Member of the City Assembly of Belgrade
- In office 2008–2012

Personal details
- Born: 1 September 1982 (age 43) Zenica, Bosnia and Herzegovina, Yugoslavia
- Party: Serbian Radical Party (until 2010)
- Other political affiliations: Montenegrin-Herzegovinian Movement
- Education: University of Belgrade
- Occupation: Politician, bobsledder

= Rašo Vučinić =

Serbian bobsledder and politician

Rašo Vučinić (Рашо Вучинић; born 1 September 1982) is a Serbian former bobsledder and politician. He competed in the four man event at the 2002 Winter Olympics, representing the Federal Republic of Yugoslavia.

== Life ==
Rašo Vučinić was born to a Montenegrin Serb family in Zenica which at that time was a part of SR Bosnia and Herzegovina and SFR Yugoslavia. His family hails from Mojkovac. He graduated from the Faculty of Sport and Physical Education at the University of Belgrade.

He competed in the four man event in bobsleigh at the 2002 Winter Olympics, representing the Federal Republic of Yugoslavia.
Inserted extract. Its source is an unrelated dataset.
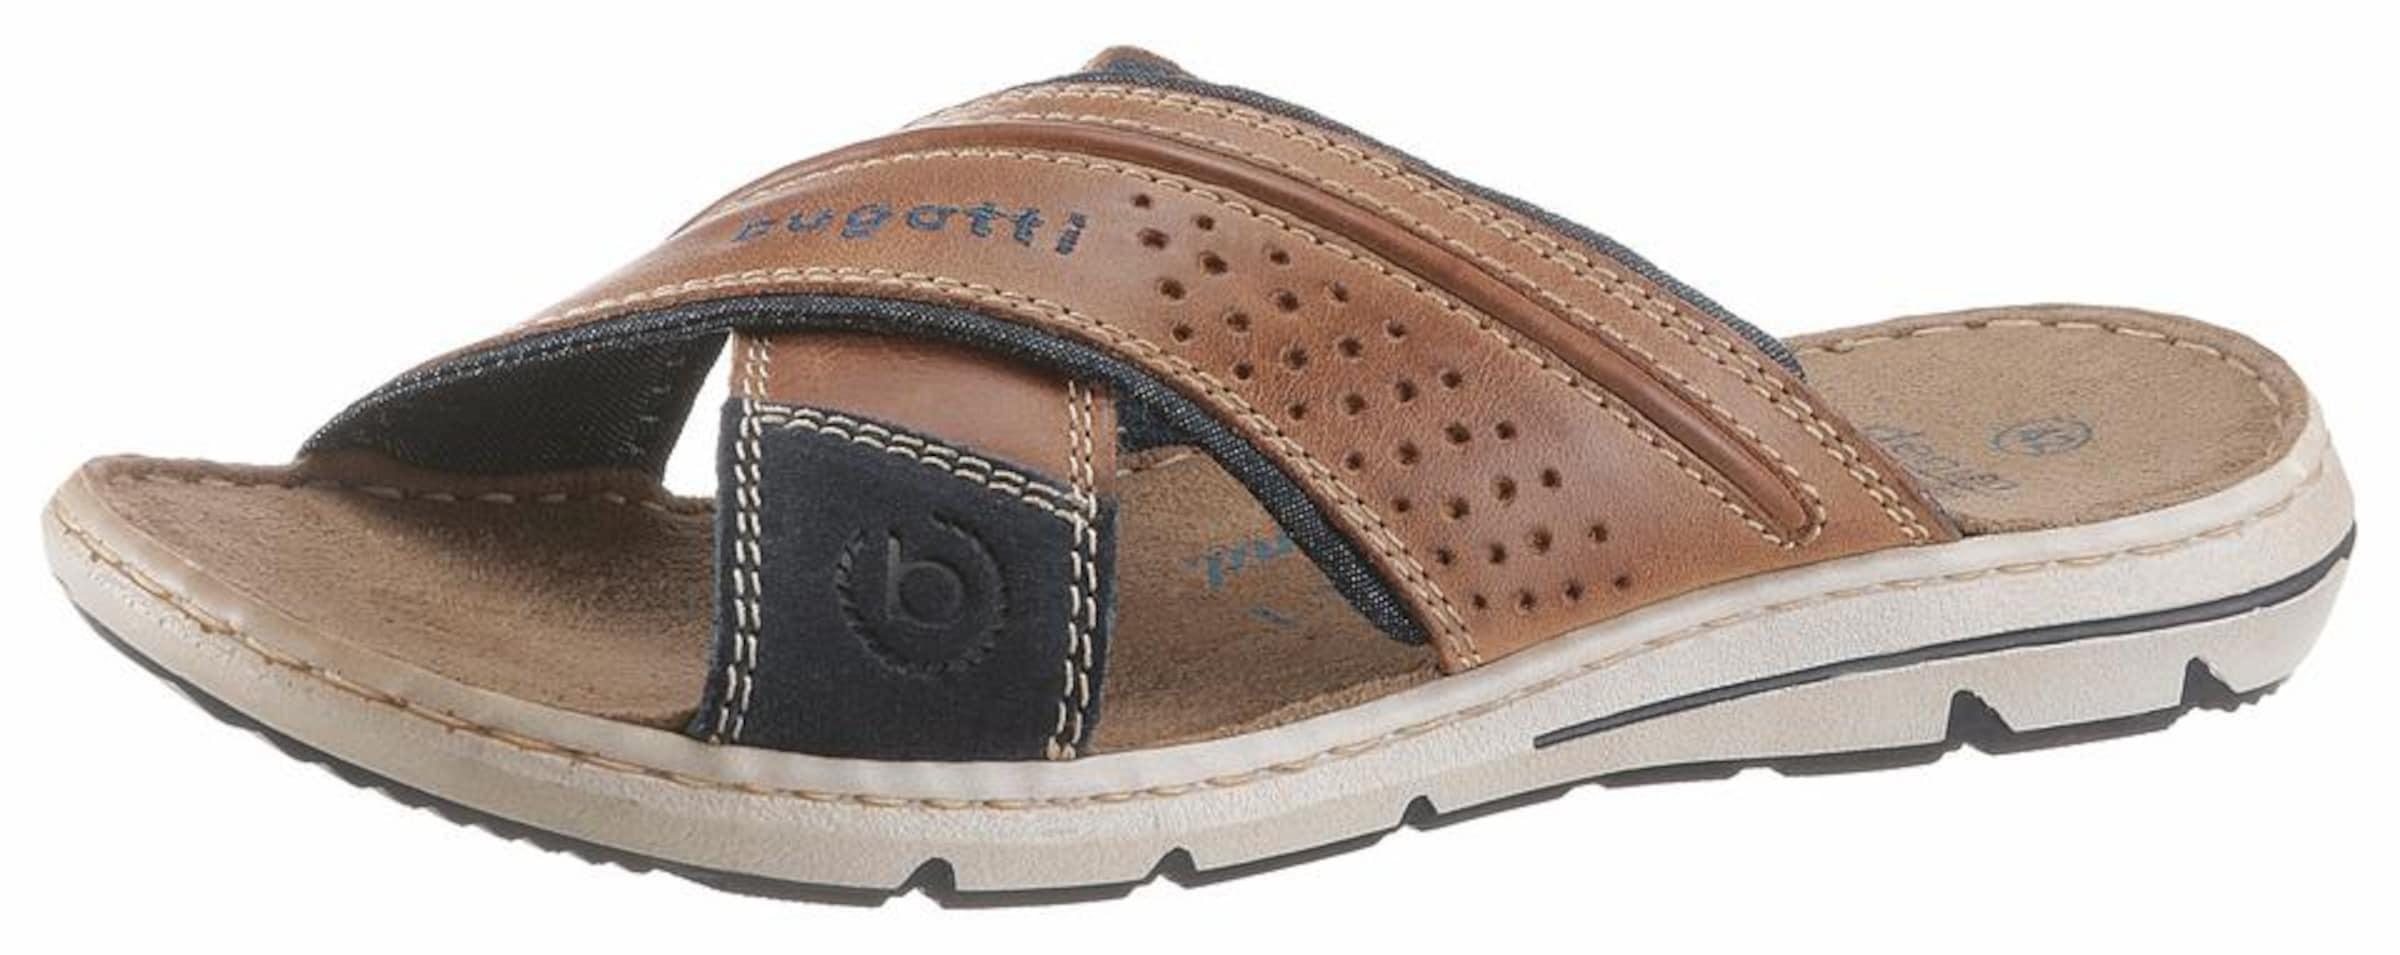 bugatti Pantolette Verschleißfeste billige Schuhe Hohe Qualität

Vučinić was a member of the far-right Serbian Radical Party (SRS) and served as the Member of the City Assembly of Belgrade when he was elected at the 2008 Belgrade City Assembly election. During his time with the Radicals, he claimed to have played gusle together with a convicted war-criminal Radovan Karadžić while he was a fugitive and even claimed that he would have offered him a shelter if he had known it was Karadžić. He was arrested during the protests against Karadžić's arrest in 2008. Vučinić received 165th position on SRS's electoral list for the 2008 Serbian parliamentary election, failing to get elected. He left SRS in 2010.

Vučinić is the President of the Institute for Gusle and Epic Poetry of Serbia as well as the founder and current President of the political organization called Montenegrin-Herzegovinian Movement which was founded to contribute to better relations between Serbia and Montenegro.